Gareth Evans, former Foreign Minister of Australia (1988-1996) and President of the International Crisis Group (2000-2009), is currently Chancellor of the Australian National University.

He co-chairs the New York-based Global Center for the Responsibility to Protect and the Canberra-based Center for Nuclear Non-Proliferation and Disarmament.

He is the author of The Responsibility to Protect: Ending Mass Atrocity Crimes Once and For All and co-author of Nuclear Weapons: The State of Play 2015.

MAR 26, 2013 – Project Syndicate
Valuing the United Nations.

MELBOURNE – There is nothing like exposure to smart and idealistic young people to make jaded and world-weary policymakers and commentators feel better about the future. I have just had that experience meeting delegates to the 22nd World Model United Nations Conference, which brought together in Australia more than 2,000 students from every continent and major culture to debate peace, development, and human rights, and the role of the UN in securing them.

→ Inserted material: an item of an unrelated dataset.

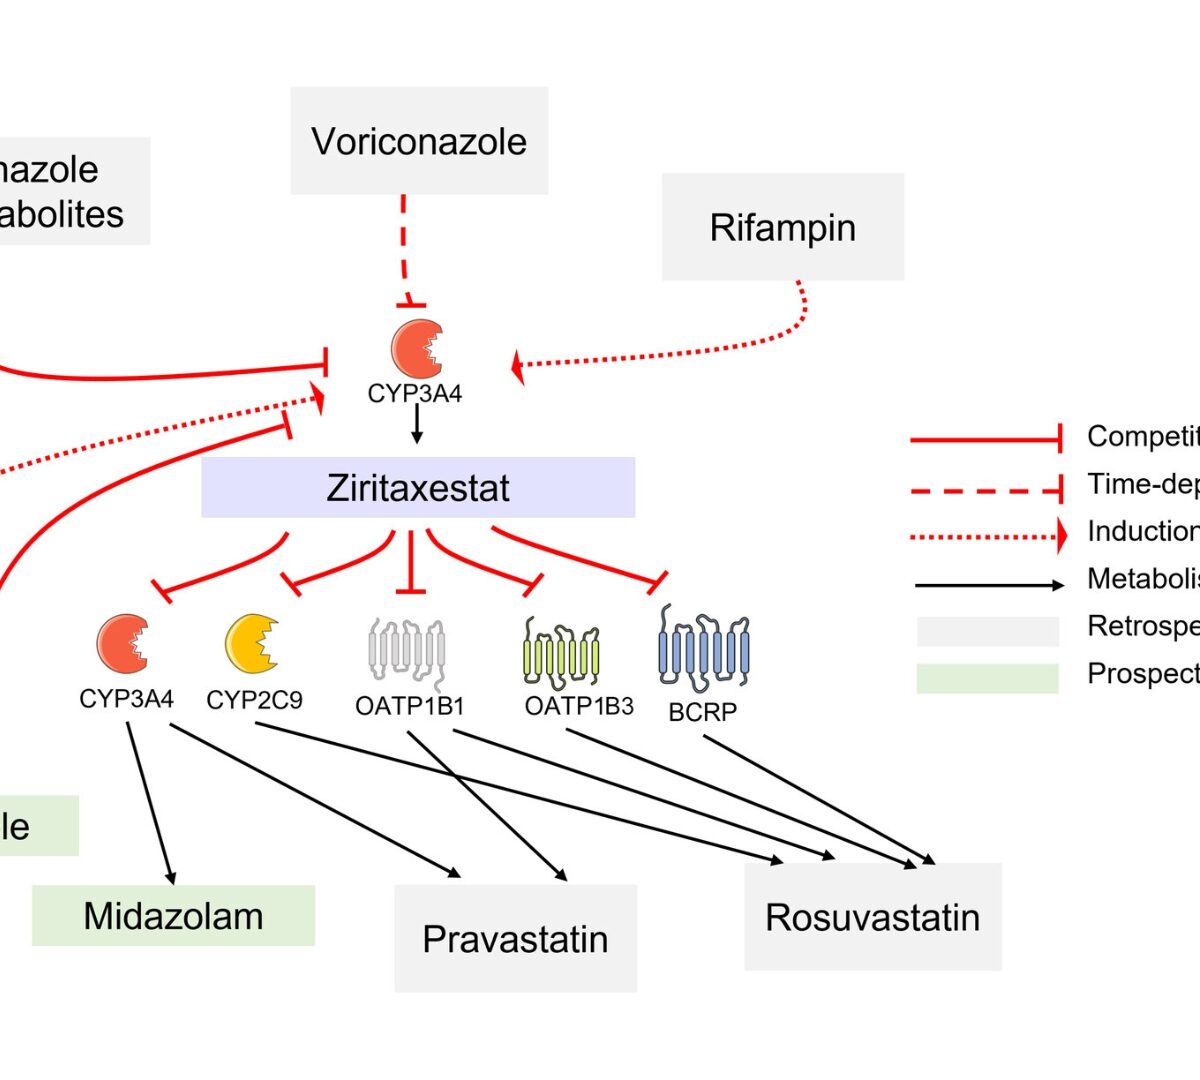 Drug–drug interaction prediction of ziritaxestat using a physiologically based enzyme and transporter pharmacokinetic network interaction model

What impressed me most is how passionately this generation of future leaders felt about the relevance and capacity of the UN system. They are right: the UN can deliver when it comes to national security, human security, and human dignity. But, as I told them, they have a big task of persuasion ahead of them.

No organization in the world embodies as many dreams, yet provides so many frustrations, as the United Nations. For most of its history, the Security Council has been the prisoner of great-power maneuvering; the General Assembly a theater of empty rhetoric; the Economic and Social Council a largely dysfunctional irrelevance; and the Secretariat, for all the dedication and brilliance of a host of individuals, alarmingly inefficient.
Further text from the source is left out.